I was having the same issue and switched to the MiMalloc allocator. It releases memory instantly - from 2GB when underload back to 50MB when idle, constrast to the default allocator which peaks at 3GB and 1.7GB when idle. MiMalloc does not only consume less memory but also performs better in my case, bench tested both on my Linux machine and Docker container with resource limited to 1CPU 1GB. I think I’m going to stick with MiMalloc for now.

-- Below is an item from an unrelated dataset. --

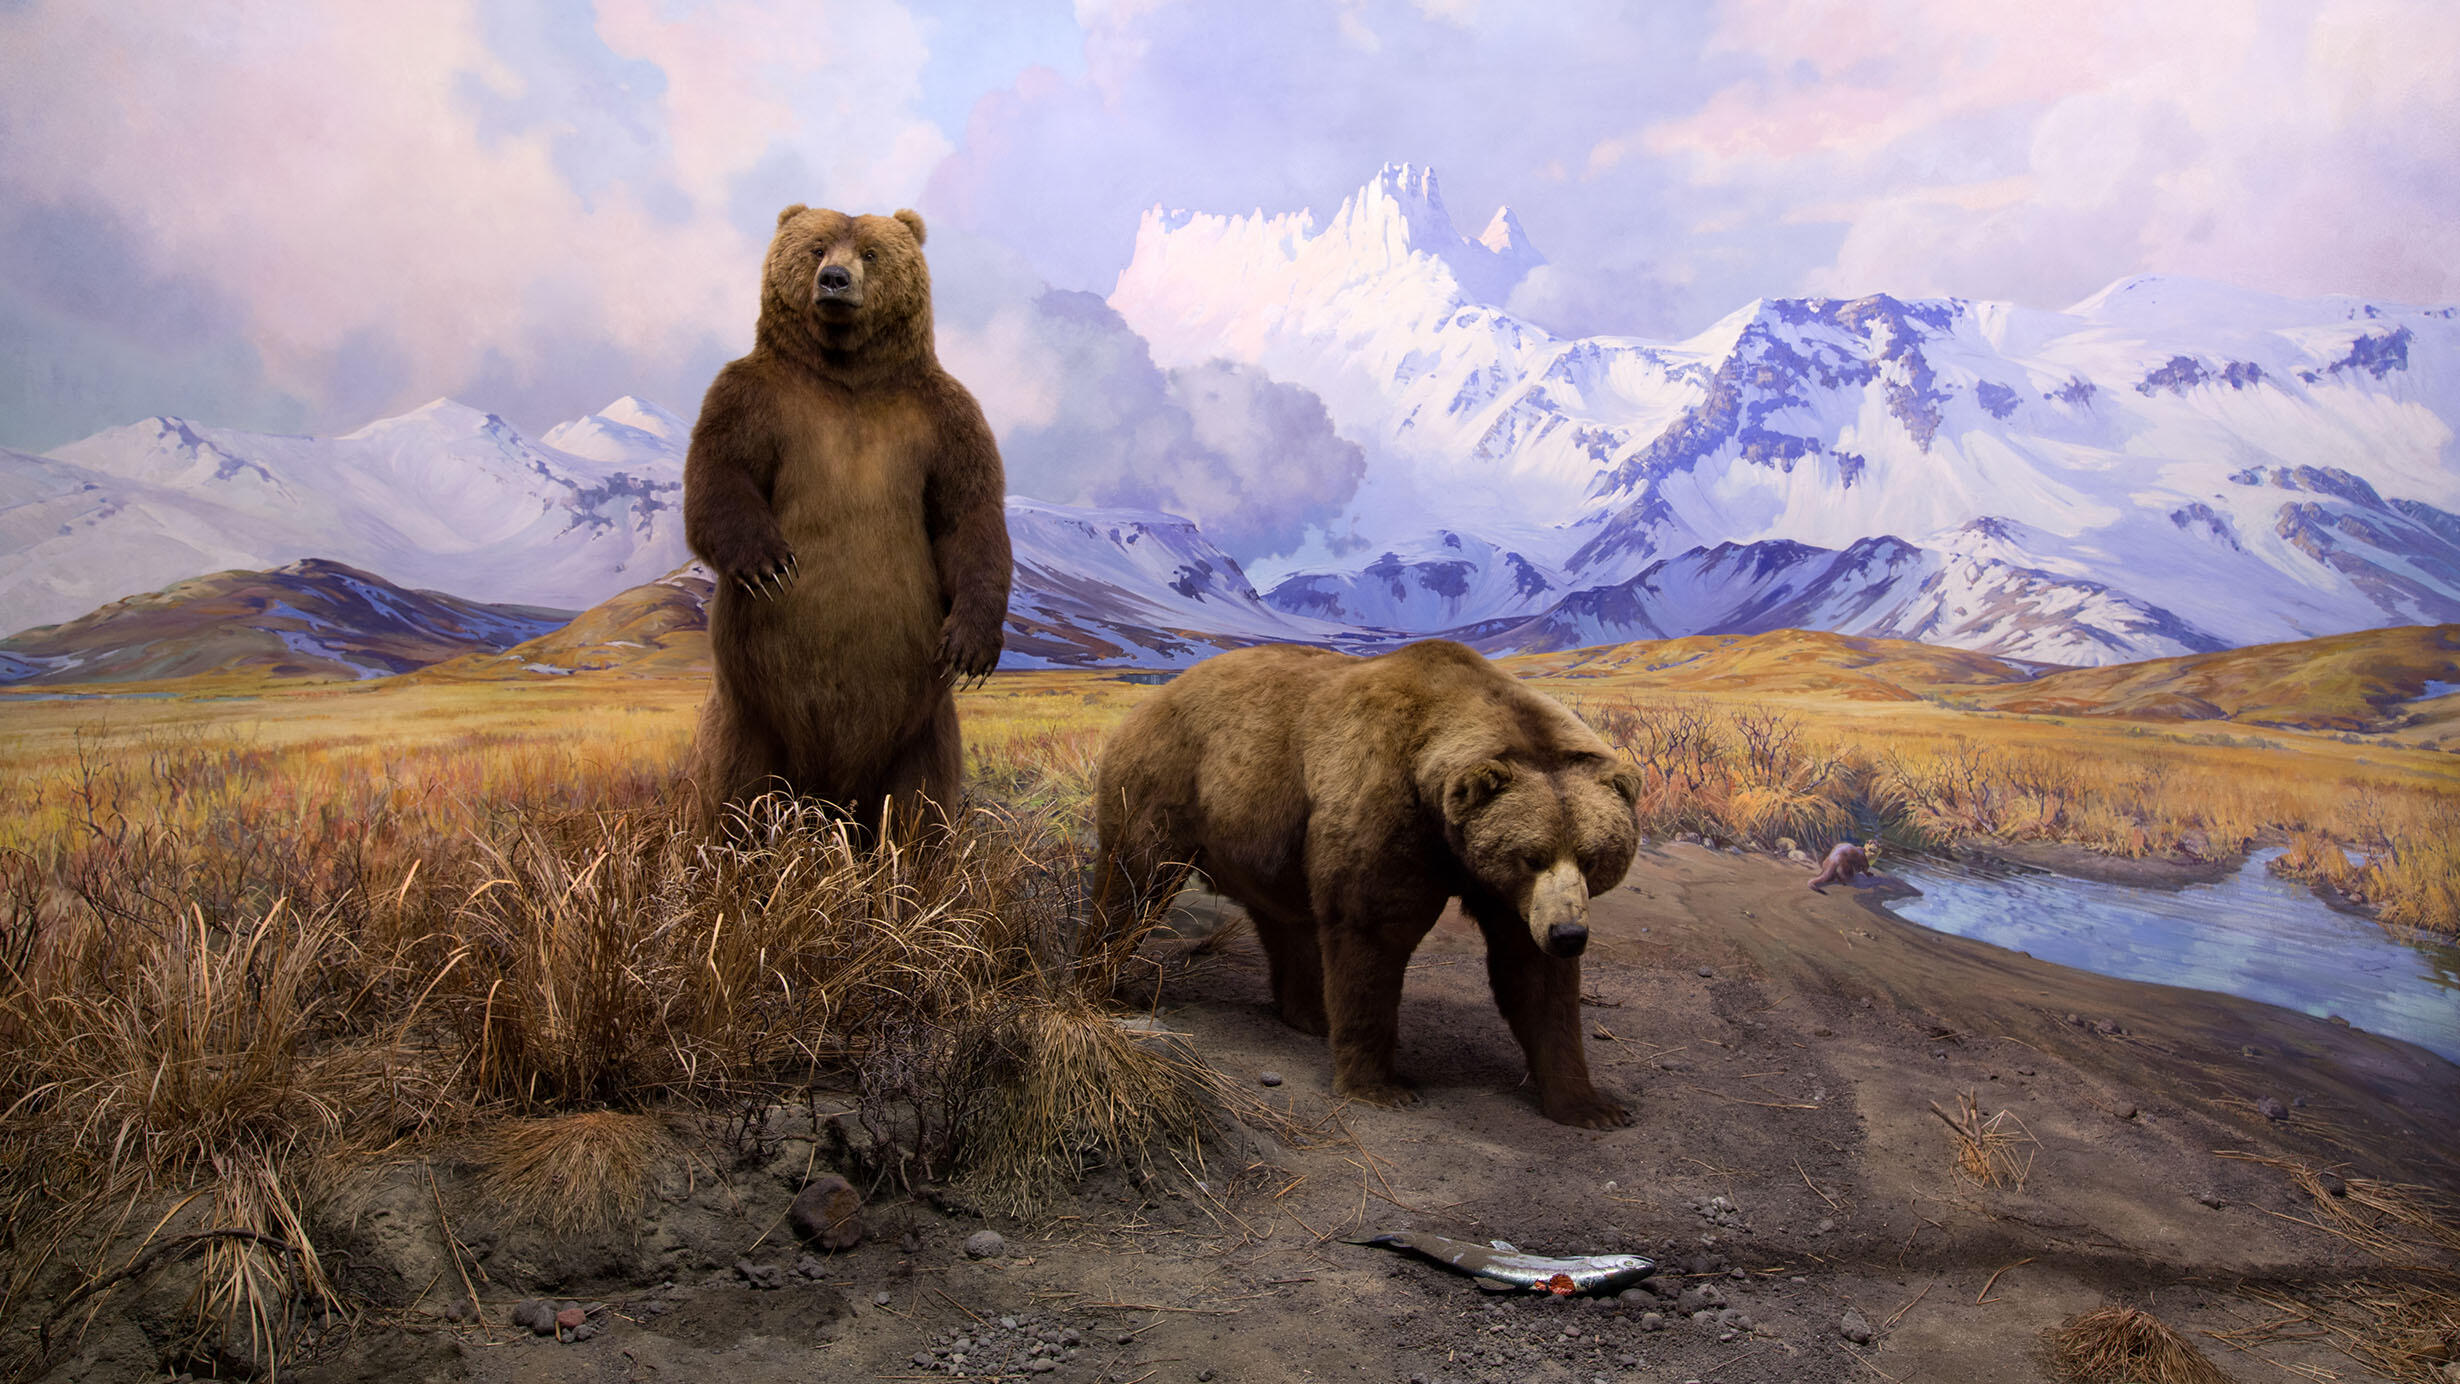 Museum diorama depicts two Alaska Brown Bears in front of a painted mountain backdrop.

Did anyone ever resolve this?

If it does appear that the application is explicitly holding onto allocated memory for too long, jemalloc also has profiling features you can use to see what sections of code are performing those allocations: https://github.com/jemalloc/jemalloc/wiki/Use-Case%3A-Leak-Checking

I can reproduce similar behavior with the system allocator as well as mimalloc; but if we’re going to fix this, we’ll need to get a lot more detailed about the specific behavior that exasperates the problem.

I’m curious if this can be reproduced in an application that uses Tokio but not Hyper. Hyper is going to spawn a task for every connection (basically). If we write a program that spawns 10s of thousands of tasks concurrently and then sits for some amount of time does the OS reclaim memory or does the process’s RSS remain at its peak?

I also think that it’s more of a tokio issue rather than hyper and it will be very interesting to try what you’ve suggested. I noticed that it happens to me only when I’m doing some expensive operation, like serializing huge payload before sending it back to the client. My case is that on requests, I fetch some huge payload from some other server (with reqwest). If I don’t do anything with the result and just send back to the client hello for example, the memory will stay alright. If I try to deserialize the payload with serde_json the memory will stack up little by little per every request. Something like this:

pub async fn get_data_route(Extension(client): Extension<Arc<MyClient>>) -> impl IntoResponse {
    // fetching huge payload
    let res = client
        .body(...)
	.send()
	.await
        .unwrap();

   // without this part the memory seems to be stable
   let data = res.json::<Foo>().await.unwrap();

   (StatusCode::OK, Json("hello world"))
}

or it could be an issue with hyper here: https://github.com/hyperium/hyper/blob/master/src/body/to_bytes.rs#L46 since it’s been called from the json method.

It could also be that there’s a general problem with spawning tasks, I’m wondering how it works with tokio_uring

Hello there!

I have the same problem with async-graphql + warp. On Linux, memory doesn’t return to the system. But if I launch program on Windows, memory return to normal (docker-desktop on Windows doesn’t return memory too). jemalloc doesn’t solve a problem.